Pat knows there is no advantage in getting hysterical about the situation but, if there's one message she wants to put across to the countryside-loving public, it is to ask them to stay away until the risk of infection is over.

"I want to make a plea from my heart to everyone just to stay away from the countryside until foot-and-mouth disease has been eradicated in case they unwittingly carry the it further afield," she says.

Although the outbreak of the disease has been a strain on them all, she's nowhere near admitting defeat to it.

"We have to pool our strengths together and get through it. I don't sit with my arms around my family and say 'it's going to be all right'. Luckily, we've always been strong together. We're not suffering more than any other family in farming. We're all trying to work our way out of this and I'm sure it's going to be more impossible for some than for others."

Pat says the strength of the agricultural community lies in the fact that it is close-knit, stoical and emotionally supportive in times of crisis.
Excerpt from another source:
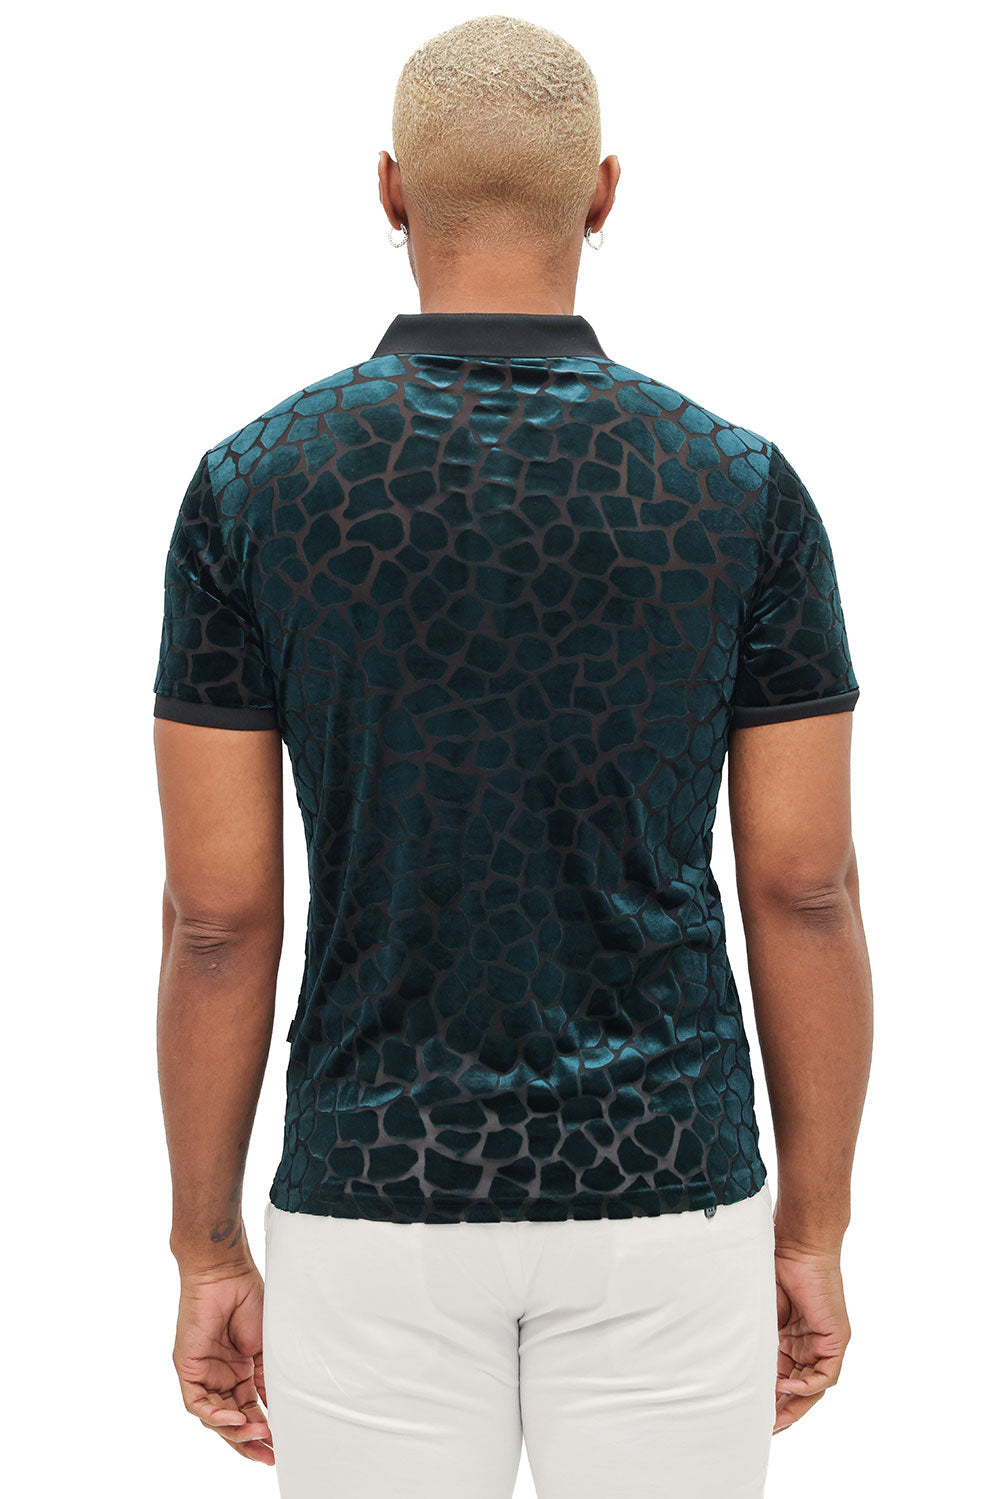 BARABAS Men's Leopard See Through Short Sleeve Polo Shirts 3PP838 Emerald Green

But how many more crises must it contend with?

"I'm not angry about any of this. I'm just very saddened. We've had to pull tighter on the purse strings although the financial side of farming has been a greater struggle for many other families. For us, it's been a case of house-keeping more carefully.

"But it's not just the financial crisis that upsets us. It's the sadness of waiting and watching to see what happens to the things you've spent most of your life helping to build up."

Her eldest son Iain, 29, and his Canadian wife, Tammy, had already come to the conclusion there's no future in British farming and decided to settle in Canada, even before the foot-and-mouth outbreak occurred.

Pat will sit out the duration of this tortuous scare with as much courage as she can muster and she is consumed by a steely determination to get through it. After all, there's no time for self-pity or despair when you've got a home, a husband and family to be there for.